Sa décision de condamner le massacre en personne était d’une immense importance pour la société arabe en Israël, et Herzog a sagement suivi ses traces, en assistant à la cérémonie et en demandant pardon au nom du pays.

Mais Rivlin s’est également empêtré dans des conflits politiques lorsqu’il a tenté de défendre le système d’application de la loi israélien et d’autres institutions publiques contre les attaques de Netanyahu et de ses alliés, s’attirant la fureur de l’ancien Premier ministre et de son Premier ministre.

Herzog, en revanche, a pris la décision consciente, dès le premier jour, d’éviter tout conflit avec les acteurs politiques, y compris Netanyahu, et a utilisé sa chaire pour tenter de faire baisser la température du discours politique en essayant de s’adresser à tout le monde. C’est un luxe que Rivlin n’a pas eu.

Le président Reuven Rivlin (à droite) avec son successeur Issac Herzog et la femme de Herzog, Michael. (Crédit : Kobi Gideon / GPO)

« Pendant la présidence de Rivlin, Netanyahu avait une majorité claire et le mandat a été marqué par un grand nombre de disputes entre lui et Netanyahu, ce qui a jeté une ombre sur ses tentatives de construire l’unité au sein du peuple », a déclaré Duvdevani. « Herzog, en revanche, sert aux côtés d’un gouvernement, comme nous n’en avons jamais vu auparavant. Herzog est coordonné avec eux et est l’expression de la position consensuelle entre les différentes parties qui composent le gouvernement. »

Néanmoins, ses appels à la civilité ont quelque chose de difficile, le pays restant largement divisé politiquement au lendemain de quatre tours d’élections.
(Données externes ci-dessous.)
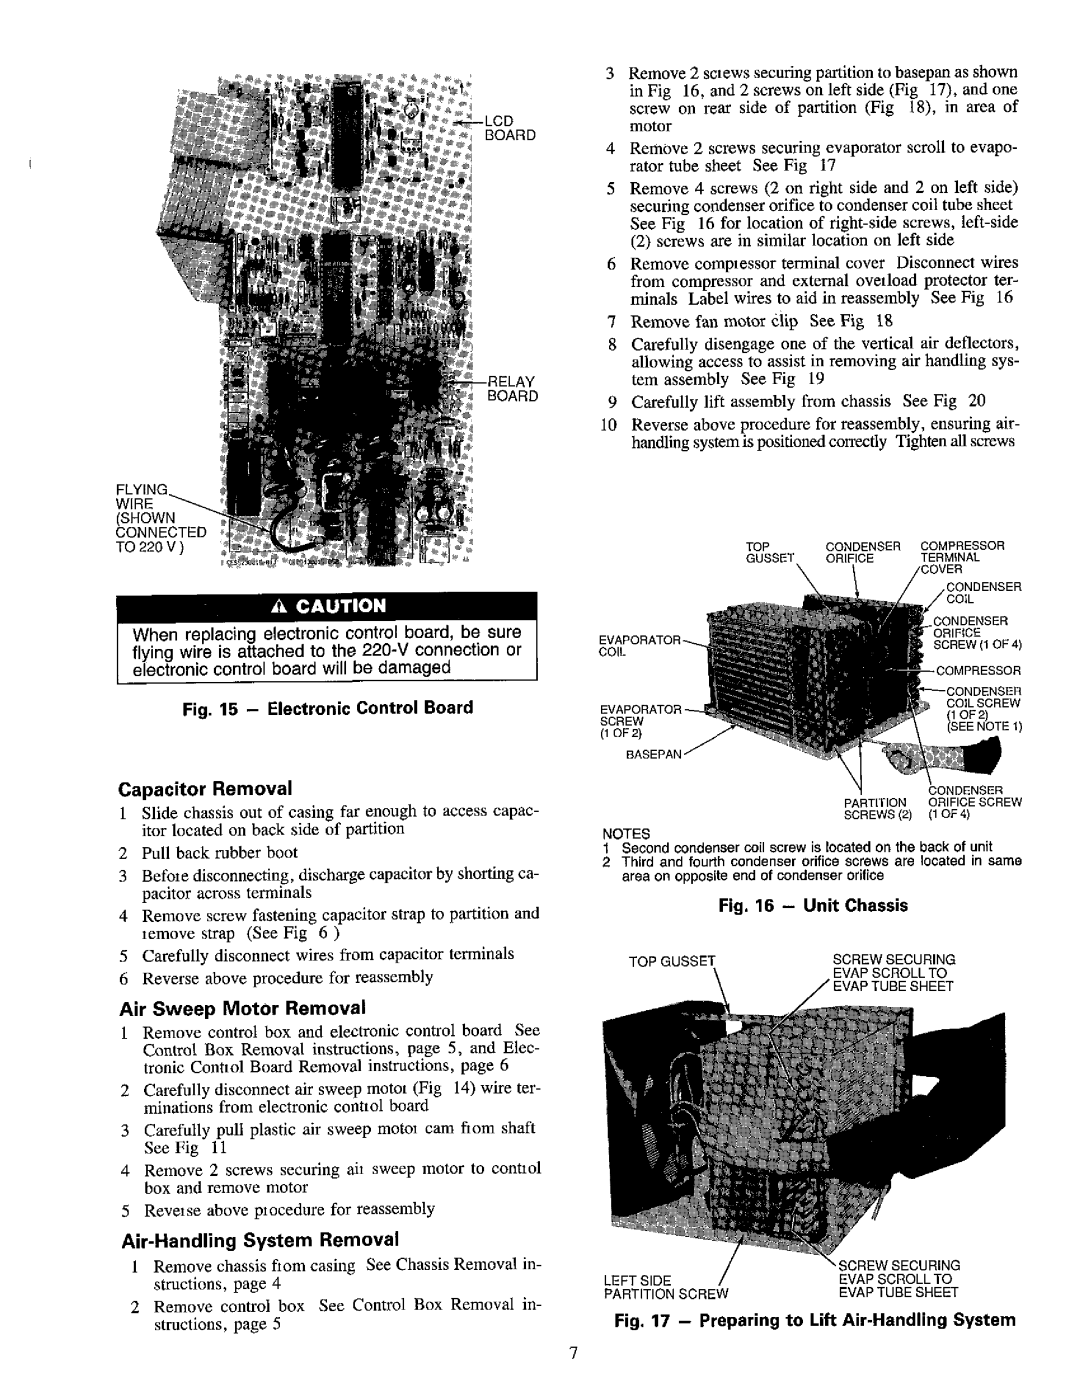 Carrier 1995 manual

Les partisans de Netanyahu continuent de fulminer contre l’éviction du Likud du pouvoir et de nombreuses personnes à droite de l’échiquier politique considèrent Bennett, dont le parti n’a que six sièges et dont la coalition repose sur le soutien de nombreux ennemis traditionnels de la droite, comme un Premier ministre illégitime.

Malgré toute son acuité politique et diplomatique, les paroles de Herzog ont peu d’effet sur la droite lésée. Mais en décidant d’allumer une bougie de Hanoukka à Hébron, le président a trouvé le moyen, même si ce n’était que pour un instant, de leur faire goûter autre chose que l’amertume.